I've been turning a question over in my mind lately as it relates to the women in recovery that I minister to. One woman in particular, Roseanna, put in words what I have seen spray painted across many of their faces: "How can I ever forgive myself for what I have done to my children?" I was talking about this question -- how to forgive oneself of consequences -- in Sunday school yesterday as we worked our way through the second blessing, "Blessed are those who mourn, for they shall be comforted." The answer I gave Roseanna at the time when she spoke these words in class were, "Well, unless you have a time machine, you need to get better and then return to your children and be for them the best person you can possibly be from this point forward." As I thought about this advice, and about the teaching behind the second blessing that the experience of mourning ushers in God's spectacular comfort, I began to believe that there was hope for delivering hope to this overwhelming question of getting over the consequences; dealing with shame.
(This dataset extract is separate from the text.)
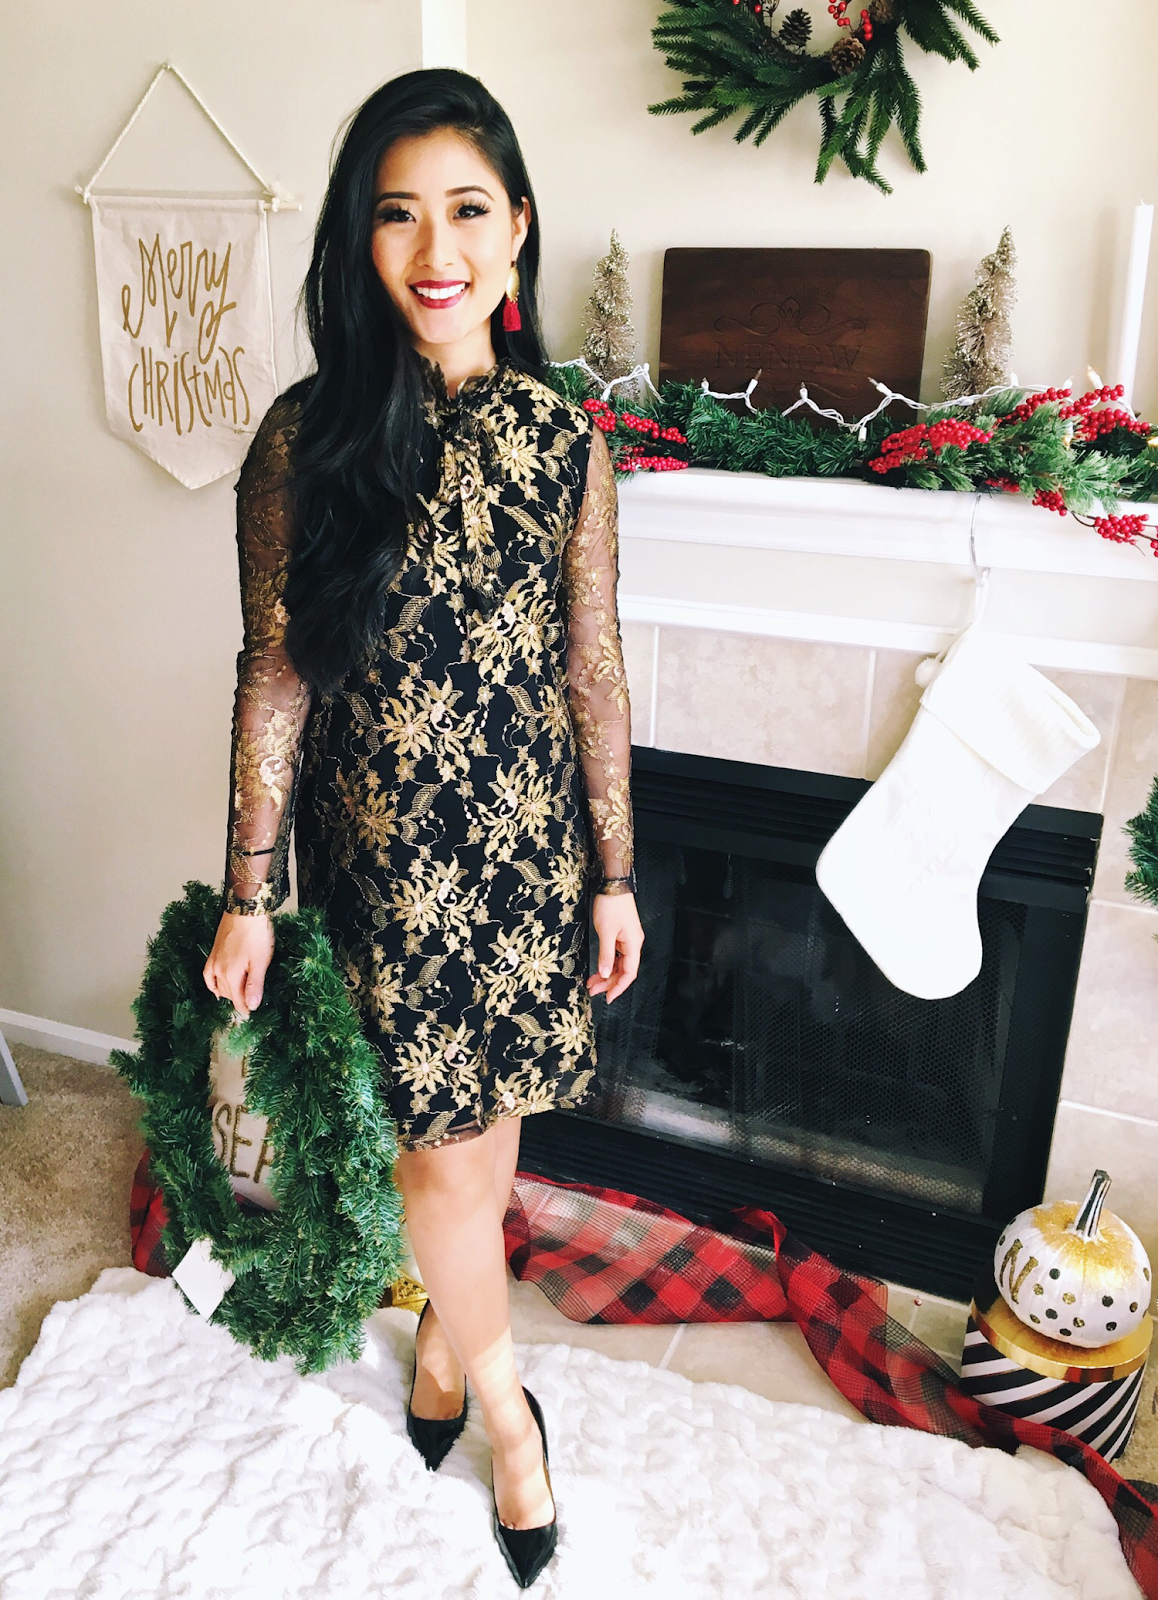 Jadoregrace.com // Glam Holiday Dress with Pink Blush

As "coincidence" would have it, our pastor preached in church yesterday on what to do when you feel ashamed. I scrambled to retrieve a pen from my purse and some paper to take a few quick notes. He used a verse from Isaiah as the launching point: "Listen to me, you islands; hear this, you distant nations: Before I was born the LORD called me; from my birth he has made mention of my name." (Isaiah 49:1) His point was that God knew us before we existed; he intended for us to be here and wants us when no one else does. And from that promise of love, God calls us to move on; to attend to the Gospel (loving him), the culture (loving our brothers and sisters) and the church. No matter how far we have fallen, my pastor said, God is calling us to use the opportunities he gives us to live for him and serve his kingdom.
Quite interestingly, a similar point is made by Shane Stanford in his book, The Eight Blessings. Standford says that living a life of meekness means living in balance, being fully aware of our weaknesses but confident in our circumstances because God is in control. When we live in this balance, Stanford concludes, we obtain the greatest treasure of all the earth: a relationship with God and a life lived in God's way of mercy, justice and peace.
So you see, the meek really will inherit the earth. It's not necessary to keep hitting the reset button, looking for that "system operating normal" message. That's not important. What is important is understanding how surrendering to God will not only relieve us of the daunting task of trying to keep all those balls up in the air, but empower us to accomplish great things for his kingdom.